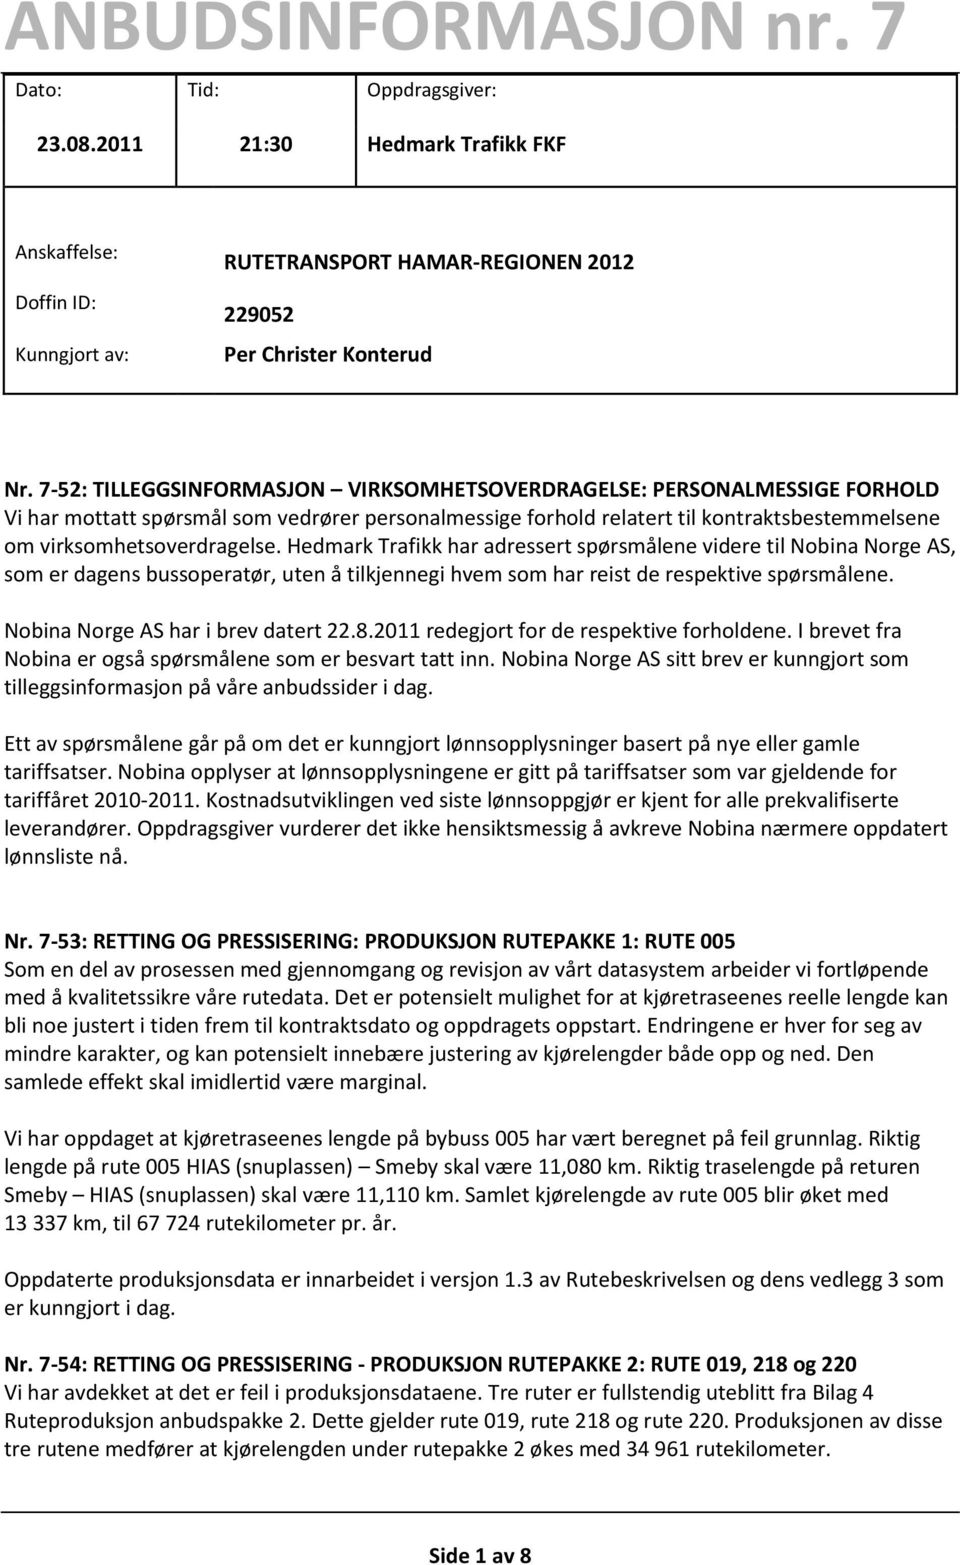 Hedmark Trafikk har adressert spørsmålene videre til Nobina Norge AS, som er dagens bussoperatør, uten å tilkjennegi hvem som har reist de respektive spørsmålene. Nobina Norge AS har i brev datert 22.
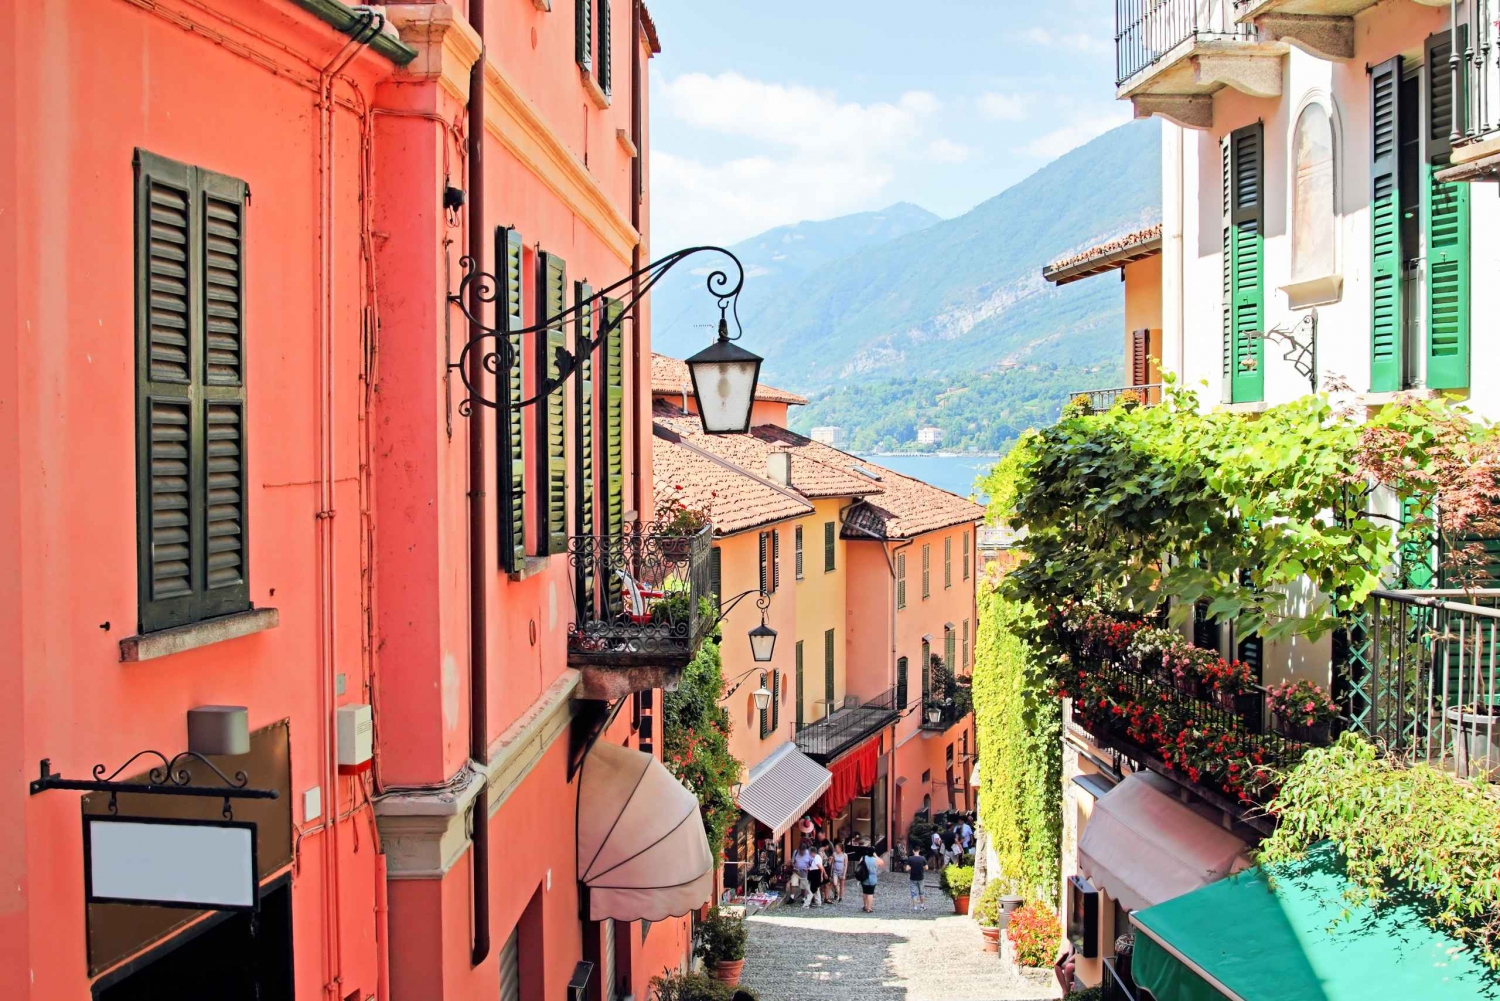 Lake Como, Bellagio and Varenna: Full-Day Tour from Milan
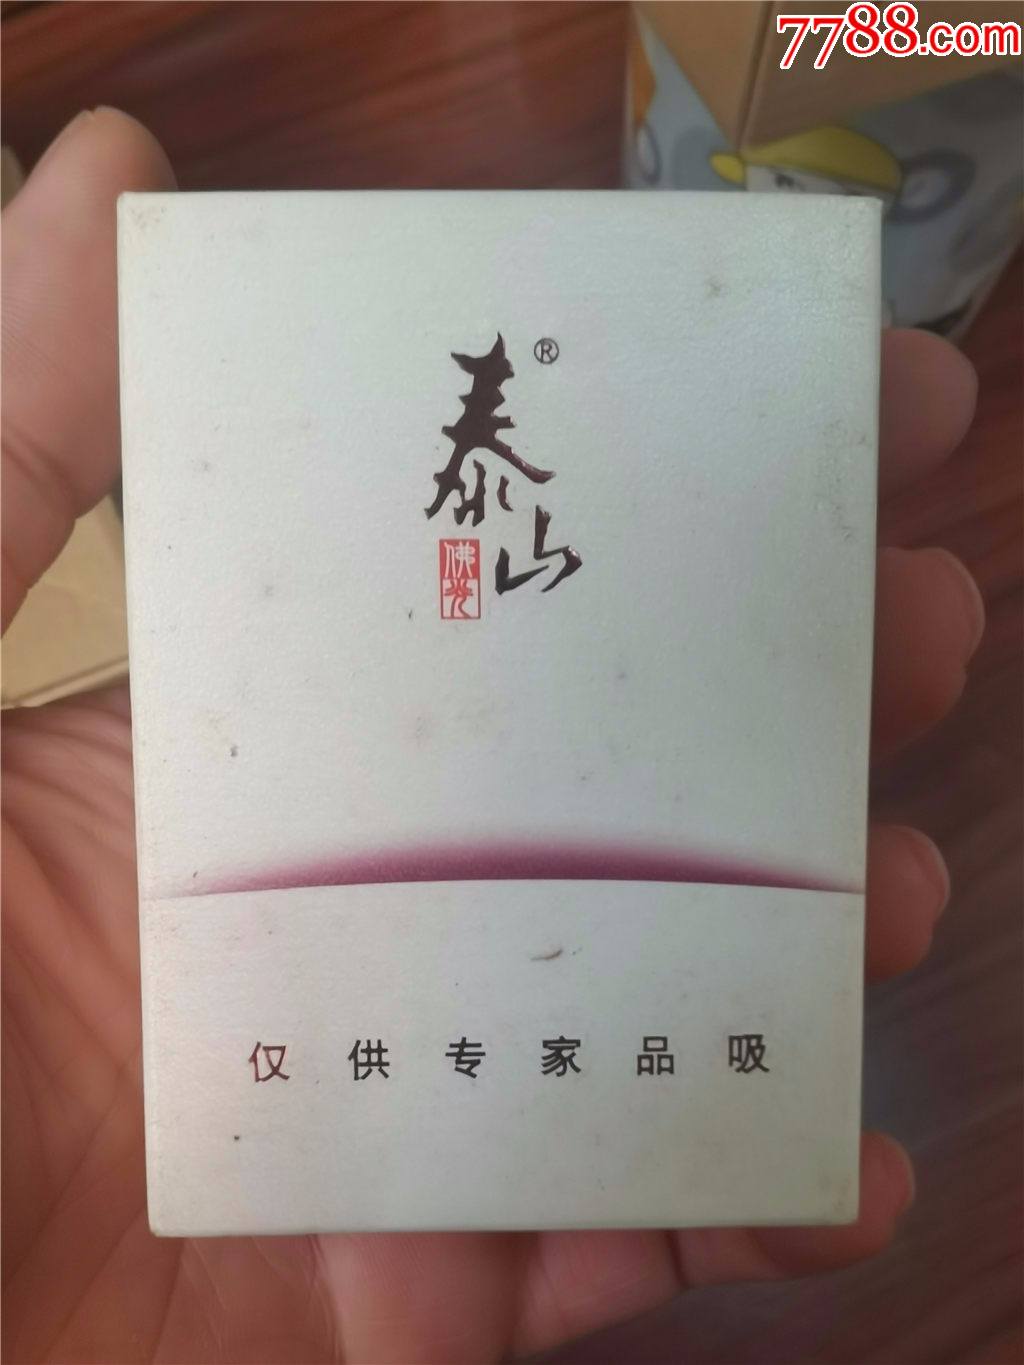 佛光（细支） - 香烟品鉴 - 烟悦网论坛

Instructions to follow – Return only the lines from the one that contains "Lake Como, Bellagio" through the closing line of the data, inclusive, reproduced exactly and with every picture left out.

Answer below –
 Lake Como, Bellagio and Varenna: Full-Day Tour from Milan
 佛光（细支） - 香烟品鉴 - 烟悦网论坛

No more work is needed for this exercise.